▶ _Task objective_: Each line from the line containing "10 X 12 Bedroom" through the last line of the entries is to be reproduced exactly as it stands.

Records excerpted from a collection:
————————
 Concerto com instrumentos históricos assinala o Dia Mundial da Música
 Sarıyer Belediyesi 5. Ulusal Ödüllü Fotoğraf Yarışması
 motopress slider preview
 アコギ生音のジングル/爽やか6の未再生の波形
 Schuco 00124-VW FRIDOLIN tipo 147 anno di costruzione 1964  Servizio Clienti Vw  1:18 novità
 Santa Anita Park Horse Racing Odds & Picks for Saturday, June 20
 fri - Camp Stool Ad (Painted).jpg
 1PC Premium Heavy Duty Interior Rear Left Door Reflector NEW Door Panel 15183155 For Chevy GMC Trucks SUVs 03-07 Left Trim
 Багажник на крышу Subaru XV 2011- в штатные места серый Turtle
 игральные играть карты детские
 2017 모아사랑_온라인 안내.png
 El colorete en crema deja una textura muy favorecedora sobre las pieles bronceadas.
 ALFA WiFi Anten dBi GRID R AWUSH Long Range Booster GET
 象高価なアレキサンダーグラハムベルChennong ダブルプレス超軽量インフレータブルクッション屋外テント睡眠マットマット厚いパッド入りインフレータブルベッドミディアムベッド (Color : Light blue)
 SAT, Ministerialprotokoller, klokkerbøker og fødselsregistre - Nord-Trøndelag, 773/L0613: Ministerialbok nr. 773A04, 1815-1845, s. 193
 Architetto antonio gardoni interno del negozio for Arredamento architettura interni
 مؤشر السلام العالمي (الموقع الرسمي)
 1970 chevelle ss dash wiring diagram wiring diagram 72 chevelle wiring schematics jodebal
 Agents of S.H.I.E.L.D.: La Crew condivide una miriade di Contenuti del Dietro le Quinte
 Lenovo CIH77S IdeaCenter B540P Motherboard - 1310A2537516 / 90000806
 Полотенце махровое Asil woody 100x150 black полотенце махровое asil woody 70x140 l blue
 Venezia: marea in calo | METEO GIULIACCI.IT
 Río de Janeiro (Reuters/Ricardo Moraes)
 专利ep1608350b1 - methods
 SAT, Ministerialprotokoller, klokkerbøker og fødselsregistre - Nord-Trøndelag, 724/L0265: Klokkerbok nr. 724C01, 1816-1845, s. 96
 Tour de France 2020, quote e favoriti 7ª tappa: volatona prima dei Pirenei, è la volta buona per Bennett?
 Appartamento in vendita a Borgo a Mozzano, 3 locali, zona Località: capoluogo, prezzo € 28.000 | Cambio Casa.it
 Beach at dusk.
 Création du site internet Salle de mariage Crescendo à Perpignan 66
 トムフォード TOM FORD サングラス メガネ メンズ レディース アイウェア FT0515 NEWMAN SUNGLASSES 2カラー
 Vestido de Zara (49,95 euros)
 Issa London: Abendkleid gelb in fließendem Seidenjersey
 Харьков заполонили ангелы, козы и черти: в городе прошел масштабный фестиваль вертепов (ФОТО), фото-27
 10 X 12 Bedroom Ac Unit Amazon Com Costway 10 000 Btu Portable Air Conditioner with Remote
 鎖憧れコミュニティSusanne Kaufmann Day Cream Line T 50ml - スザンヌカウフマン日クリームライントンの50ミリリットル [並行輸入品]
————————
▶ _Response area_:
 10 X 12 Bedroom Ac Unit Amazon Com Costway 10 000 Btu Portable Air Conditioner with Remote
 鎖憧れコミュニティSusanne Kaufmann Day Cream Line T 50ml - スザンヌカウフマン日クリームライントンの50ミリリットル [並行輸入品]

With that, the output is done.